### Exercise:
Restate all the data word for word and omit the pictures.

### Given material:
'''

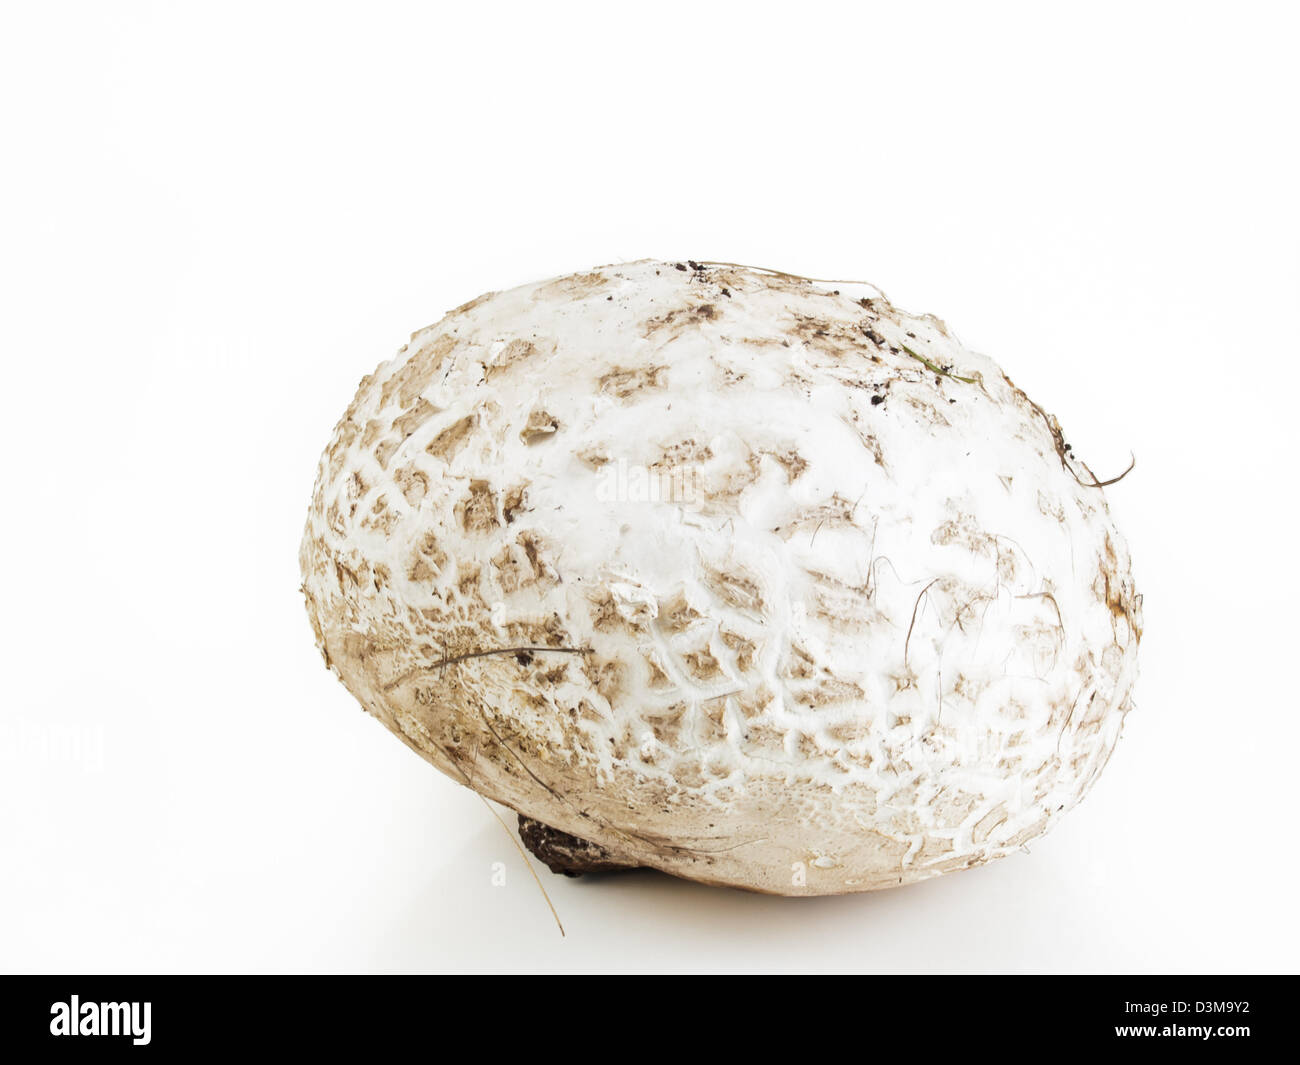 The western giant puffball grows on composted soil such as in meadows, fields, and forests, roadsides, sagebrush flats, pastures, and other sunny places. Stock Photo
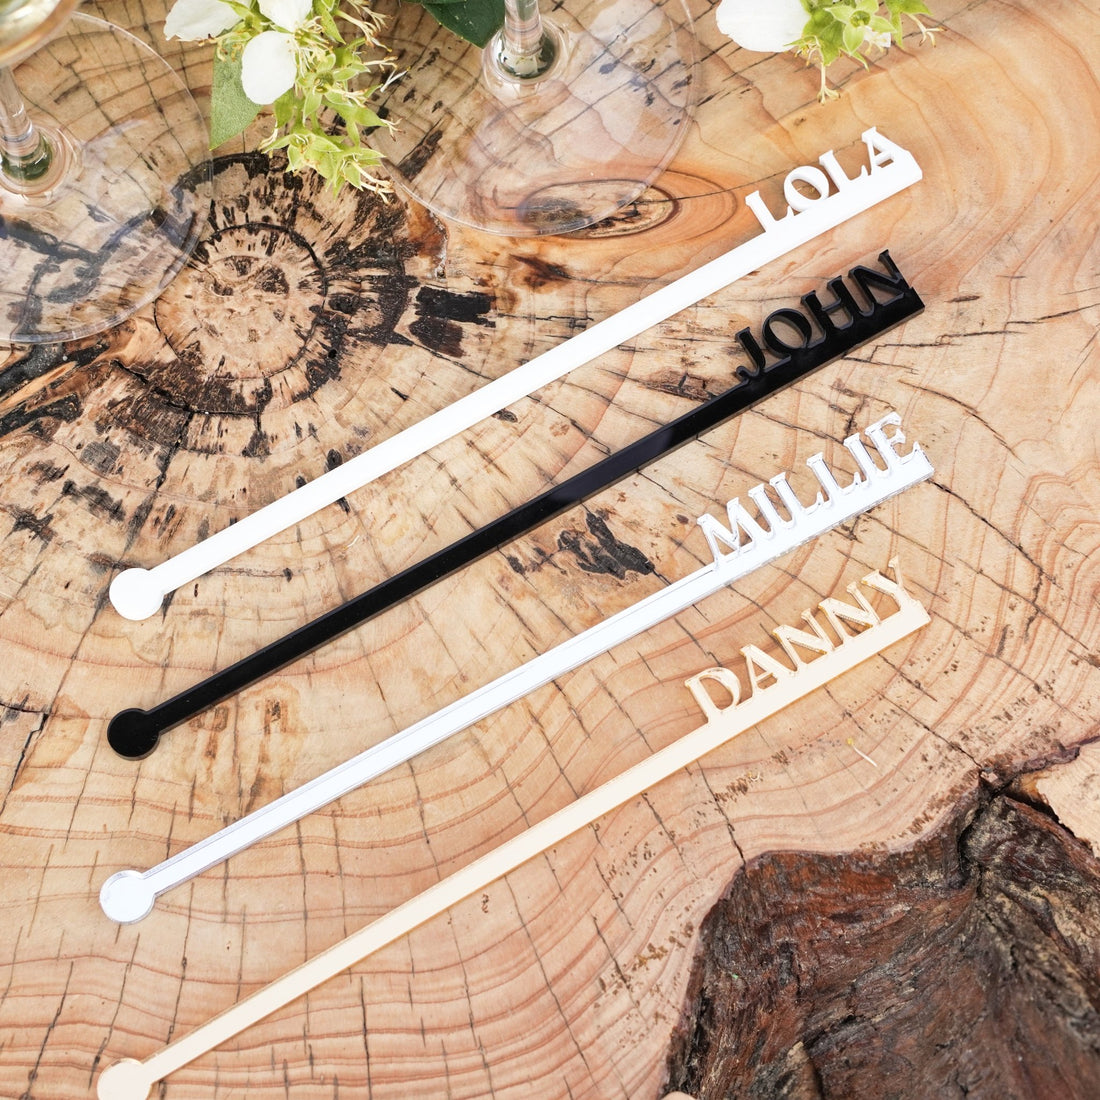 Personalised Drink Stirrer Place Names in Gold Silver Black by
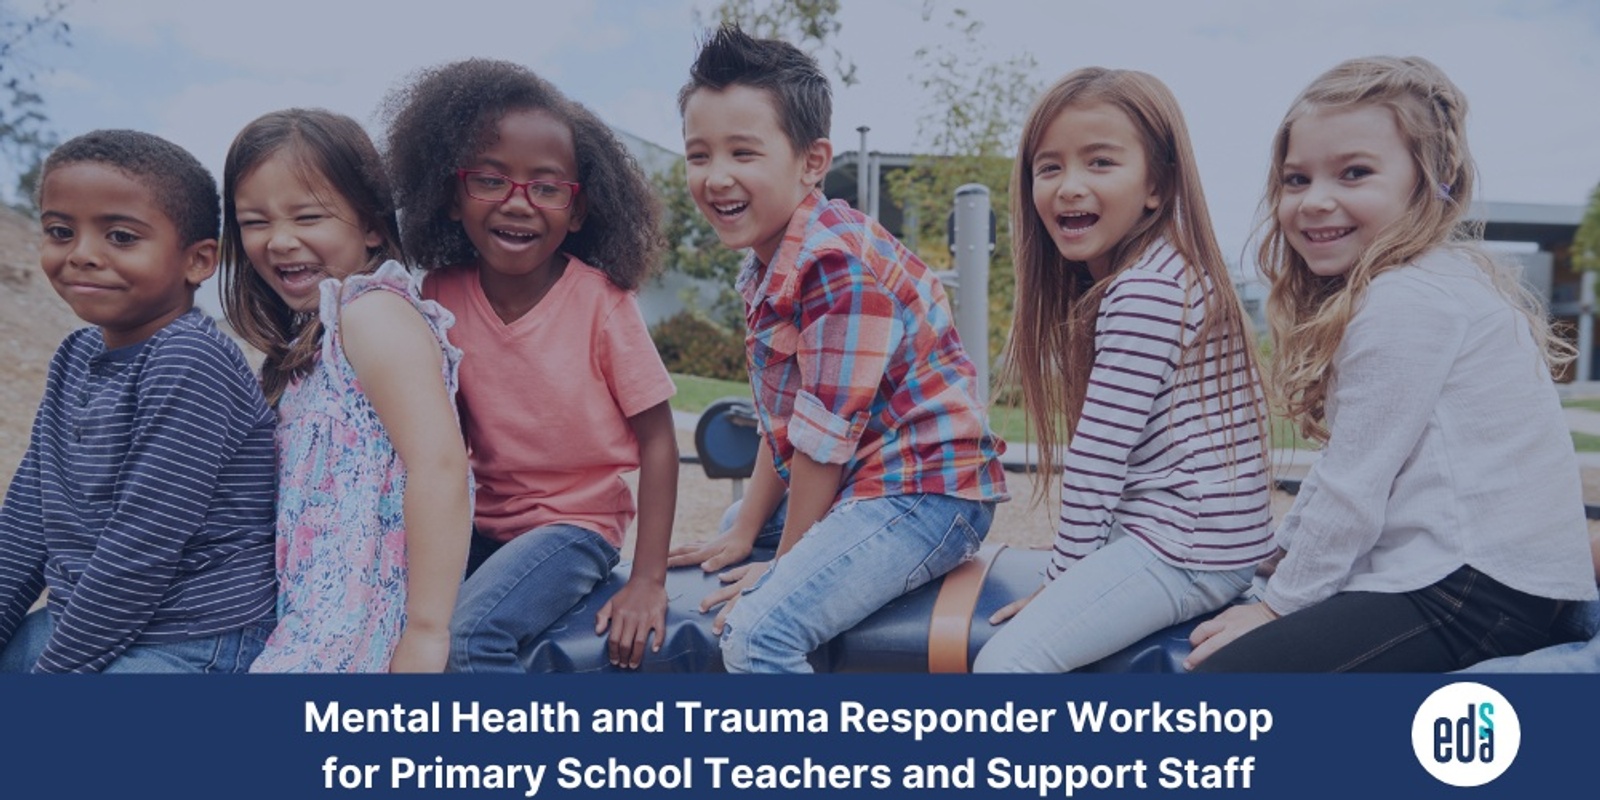 Mental Health and Trauma Responder Workshop for Primary School Teachers and Support Staff - ONLINE
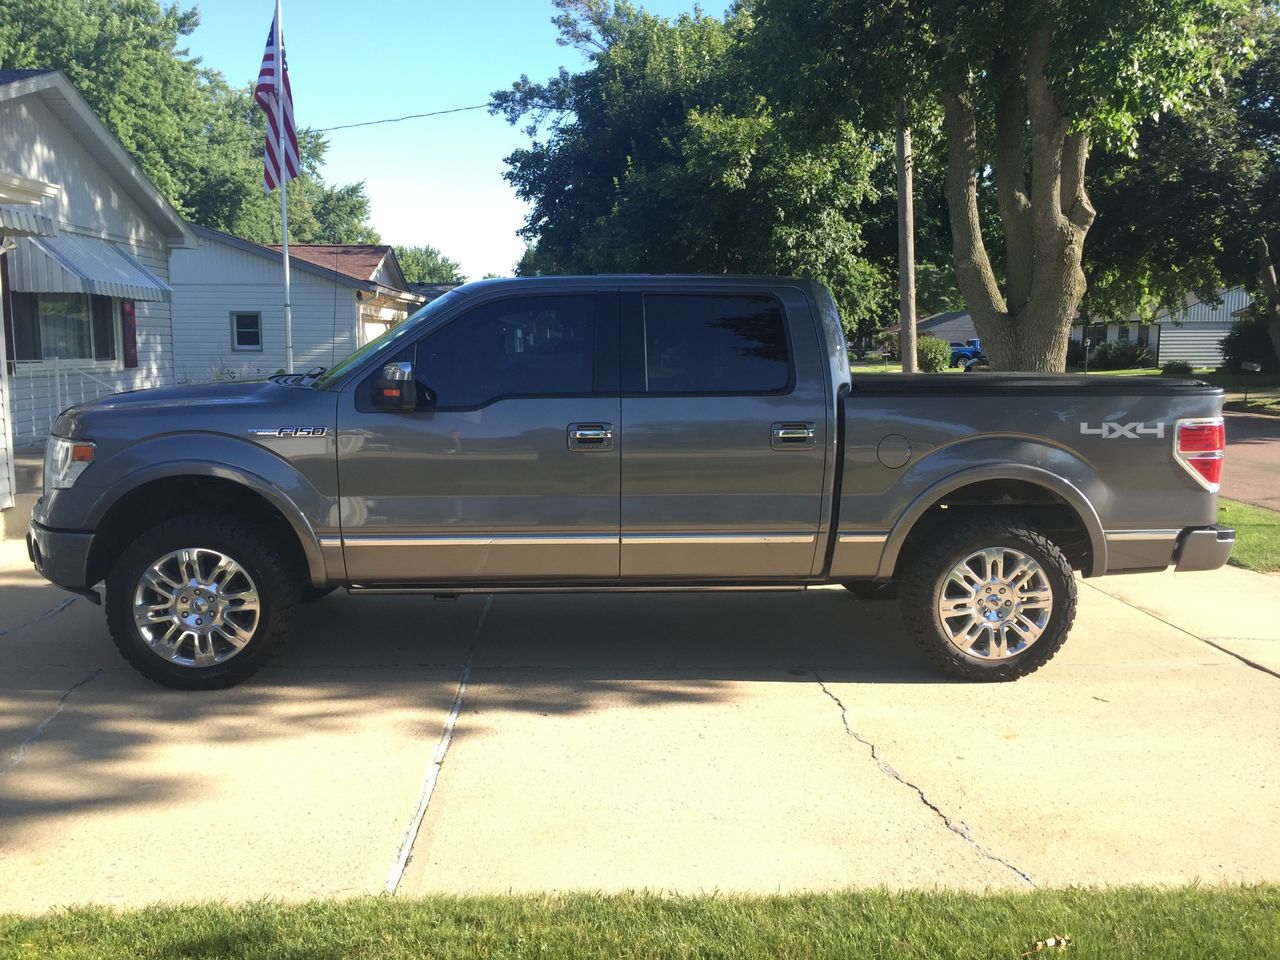 2013 Ford F-150 Platinum | Sioux Falls, SD, Sterling Gray Metallic (Gray), 4x4

'''

### Result of the task:
 The western giant puffball grows on composted soil such as in meadows, fields, and forests, roadsides, sagebrush flats, pastures, and other sunny places. Stock Photo
 Personalised Drink Stirrer Place Names in Gold Silver Black by
 Mental Health and Trauma Responder Workshop for Primary School Teachers and Support Staff - ONLINE
 2013 Ford F-150 Platinum | Sioux Falls, SD, Sterling Gray Metallic (Gray), 4x4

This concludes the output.